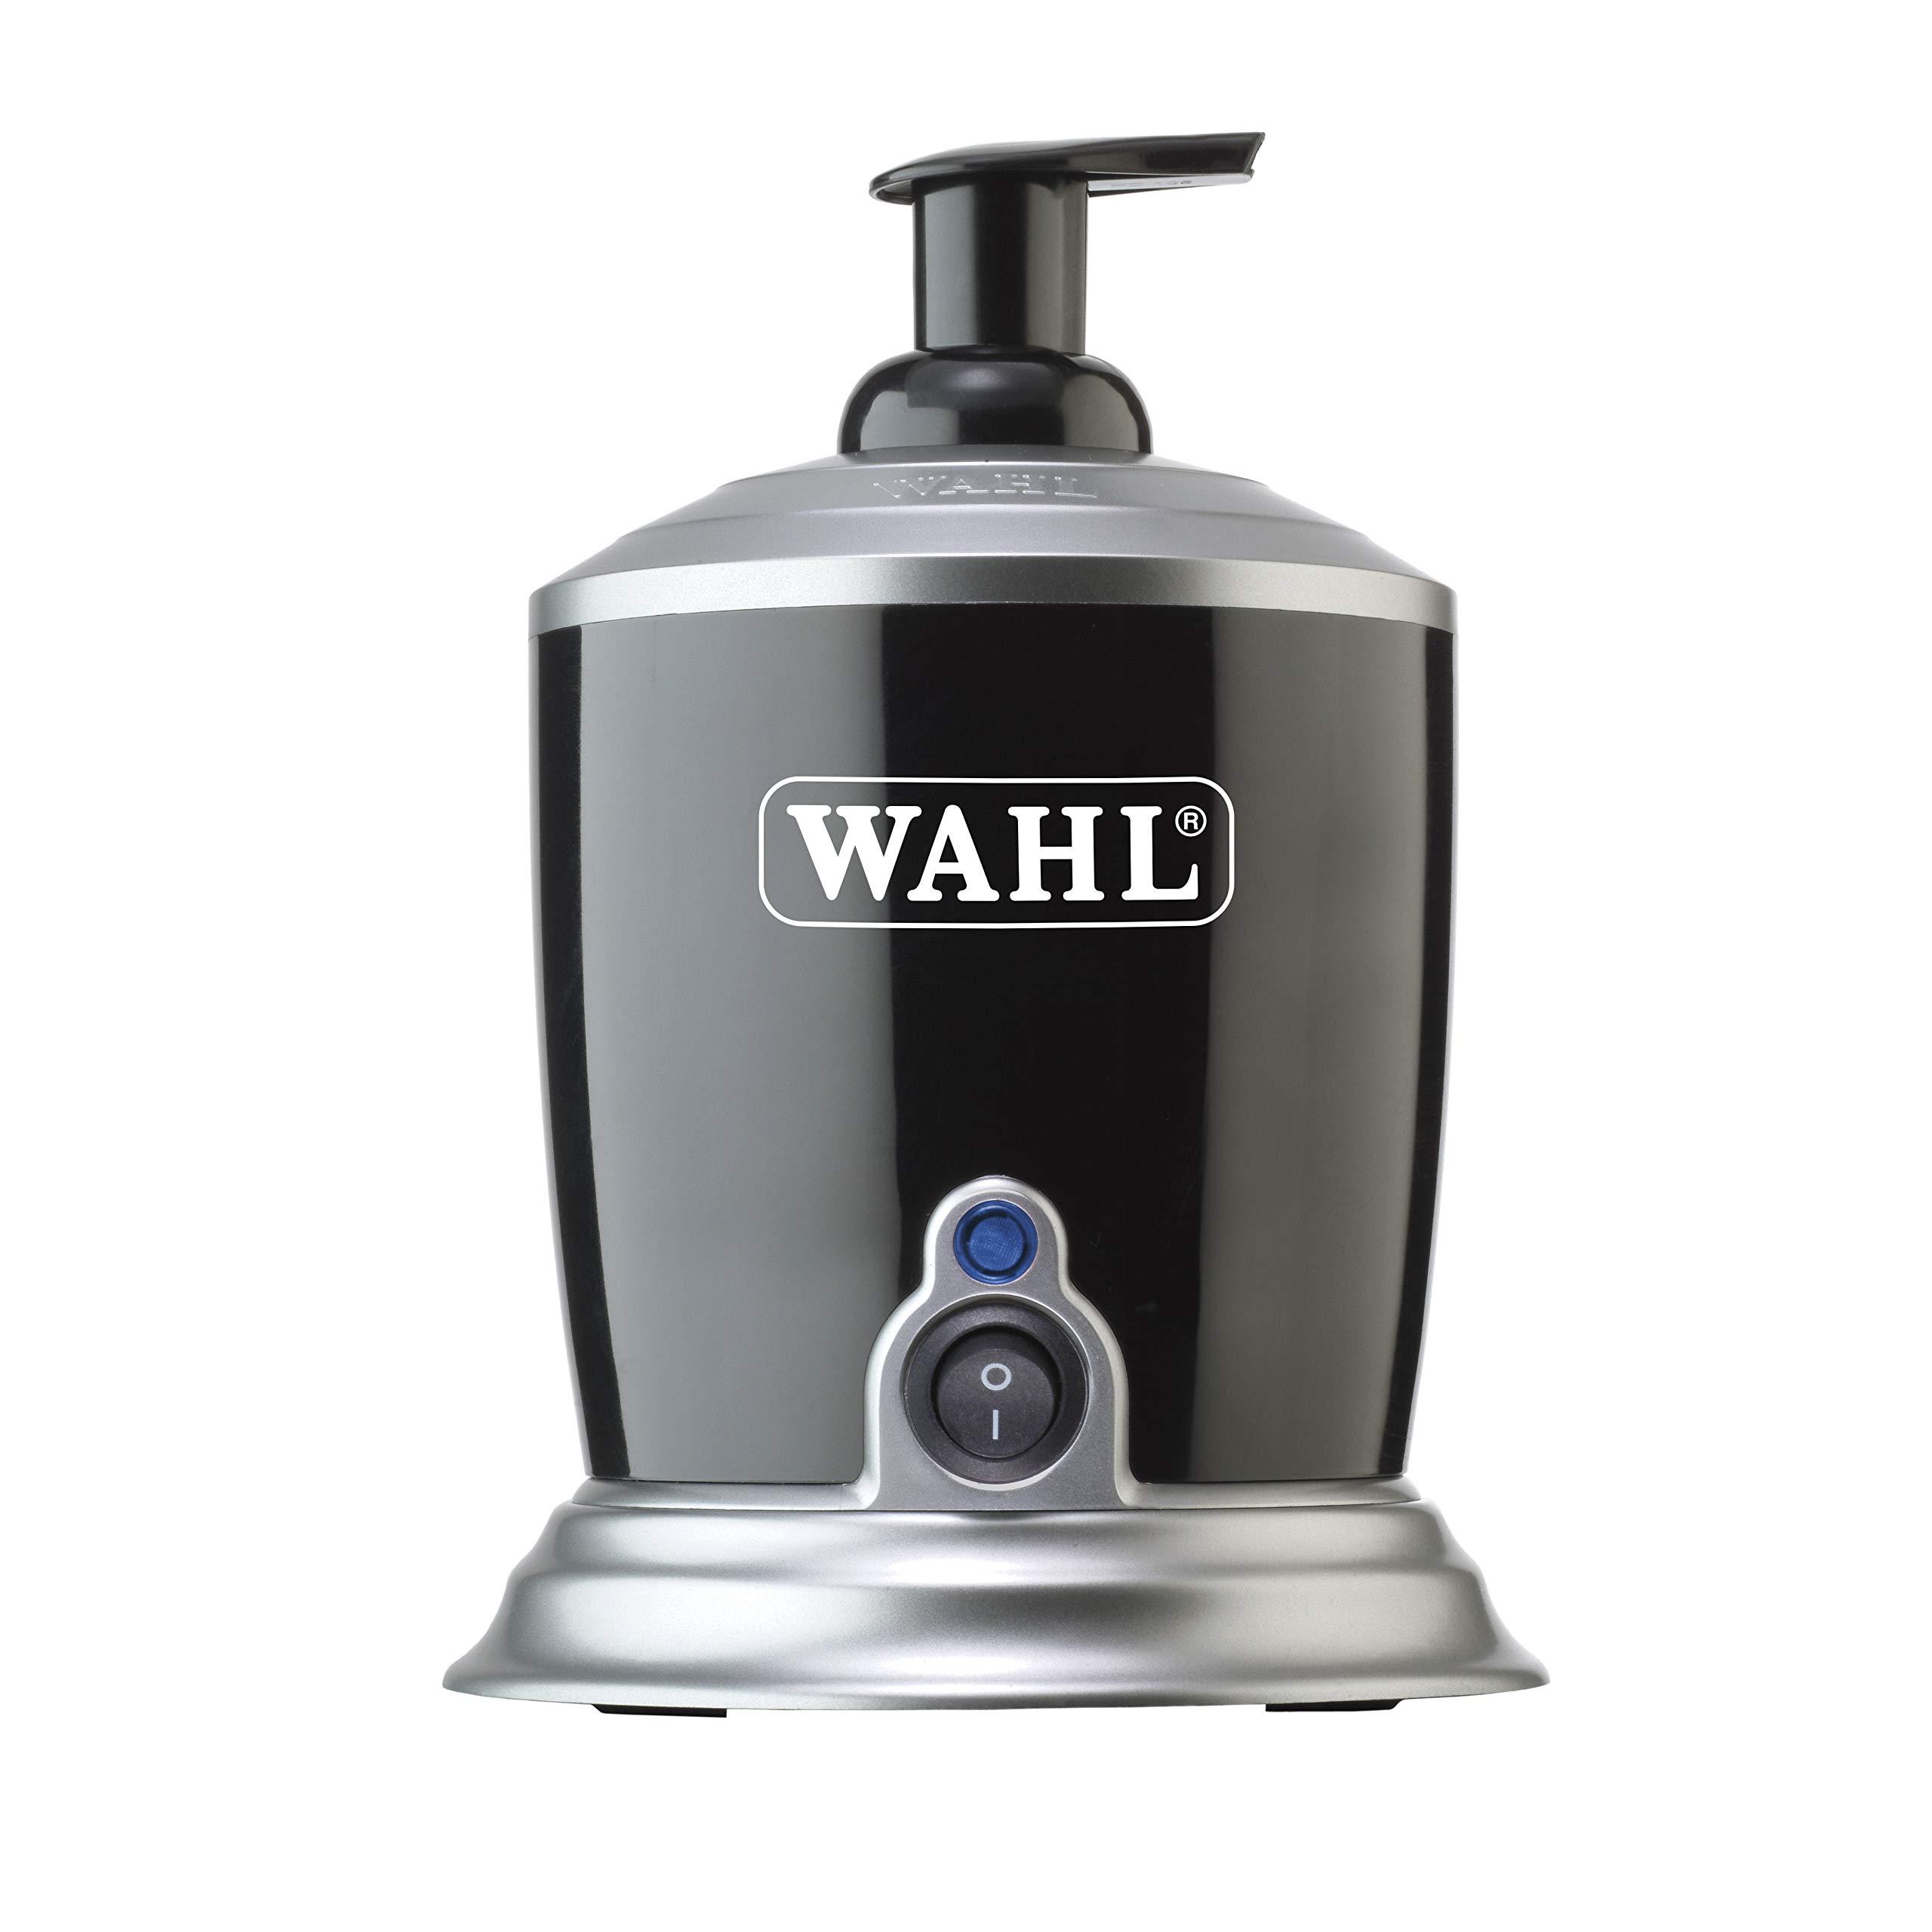 Wahl Professional '19 Hot Lather Machine #68908 - Professional Barber Quality Dispenser with Internal Liquid Pump, Bottle, Additional Bonus Liquid Pump, and 12 oz. Bottle of Pre-Mixed Liquid Lather by Wahl Professional
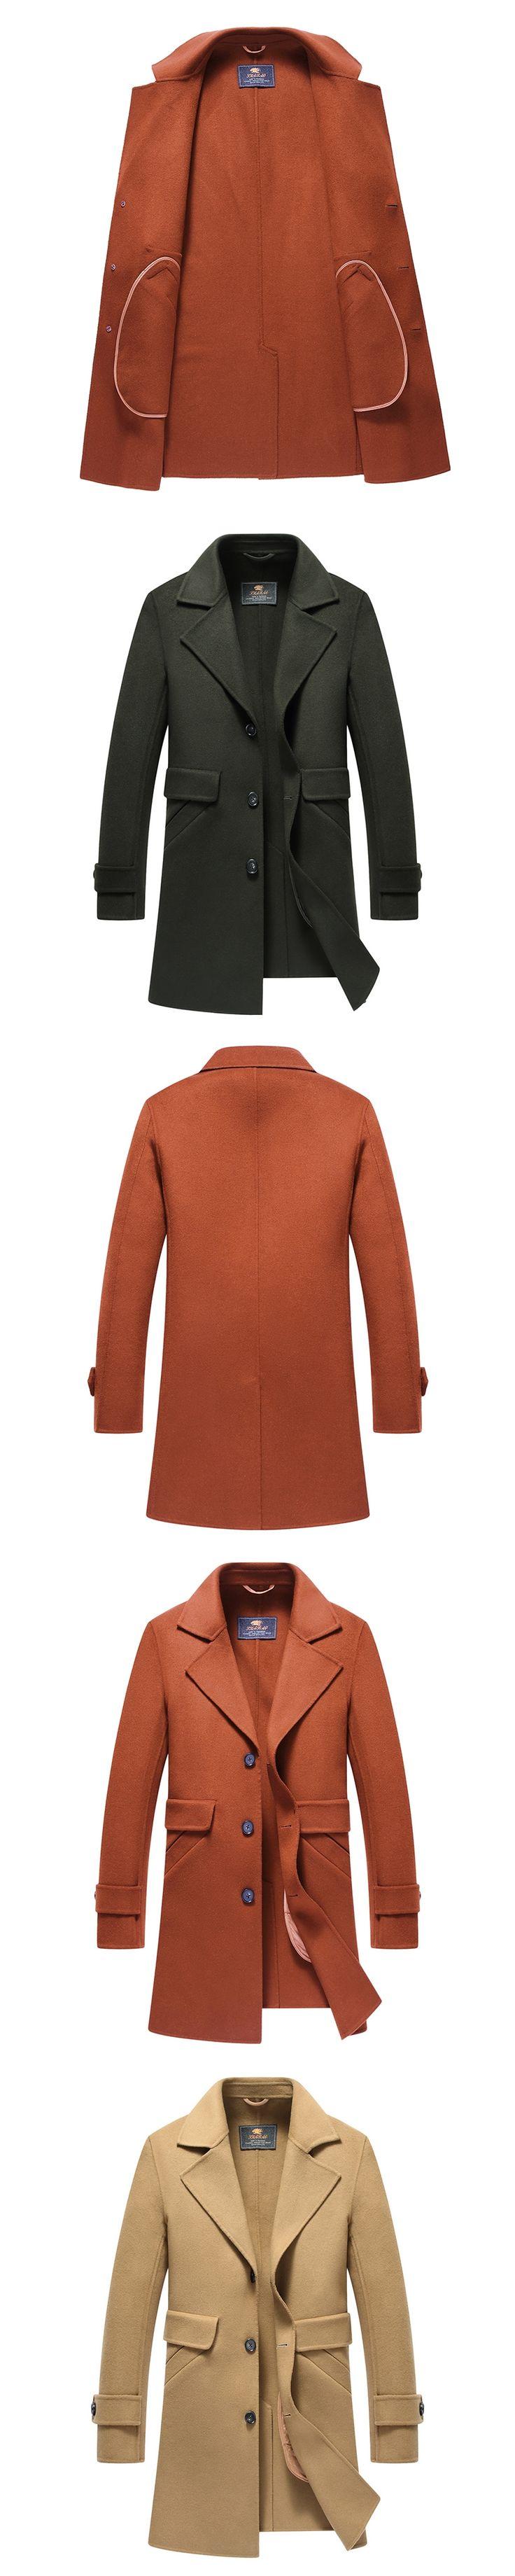 2017 Autumn And Winter Wool Coat Men Long Coat Slim fit Mens Cashmere Coat Youth New Fashtion Overcoat Men Wool Coat
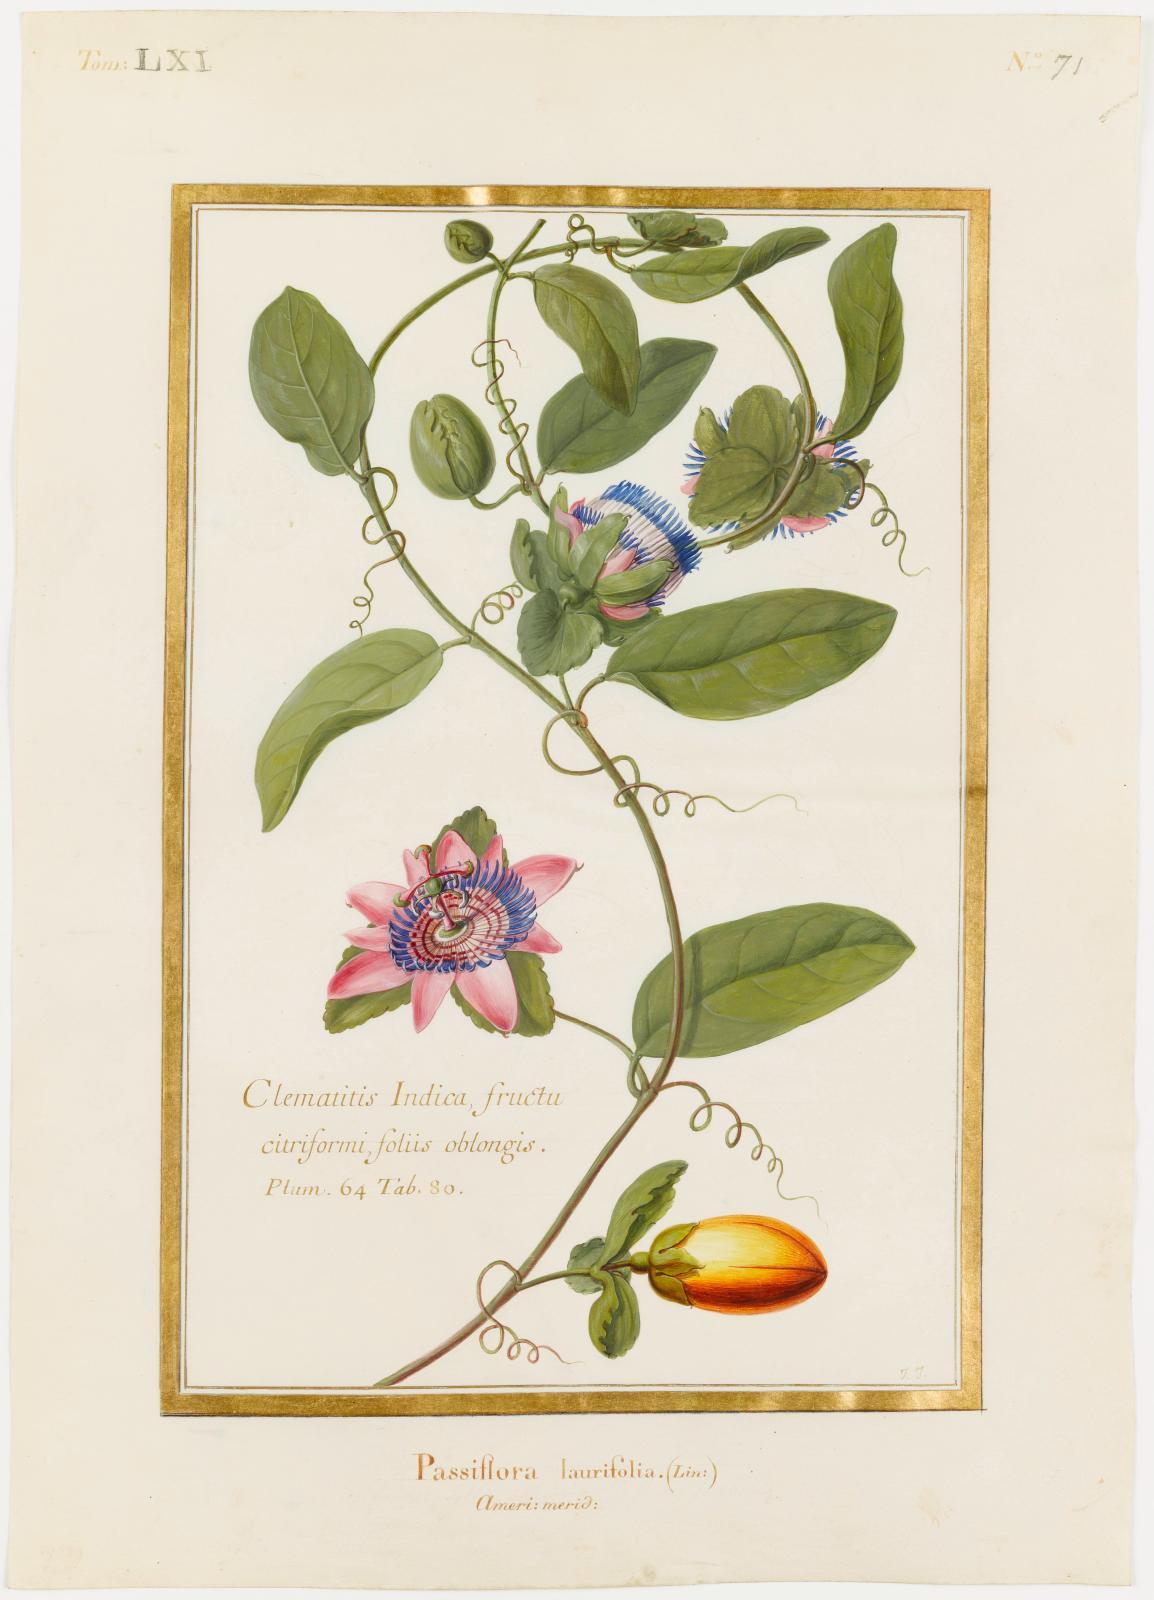 Passiflora laurifolia Linné (Passifloracées), Jean Joubert, Clematitis Indica, fructu citriformi, foliis oblongis, Plum64 tab80, Passiflora laurifol
━━━━━━━━━━━━━━━━
EXERCISE GOAL: What is needed here is an exact repetition of the listing above, pictures excluded.

SOLUTION TO THE PROBLEM:
 Wahl Professional '19 Hot Lather Machine #68908 - Professional Barber Quality Dispenser with Internal Liquid Pump, Bottle, Additional Bonus Liquid Pump, and 12 oz. Bottle of Pre-Mixed Liquid Lather by Wahl Professional
 2017 Autumn And Winter Wool Coat Men Long Coat Slim fit Mens Cashmere Coat Youth New Fashtion Overcoat Men Wool Coat
 Passiflora laurifolia Linné (Passifloracées), Jean Joubert, Clematitis Indica, fructu citriformi, foliis oblongis, Plum64 tab80, Passiflora laurifol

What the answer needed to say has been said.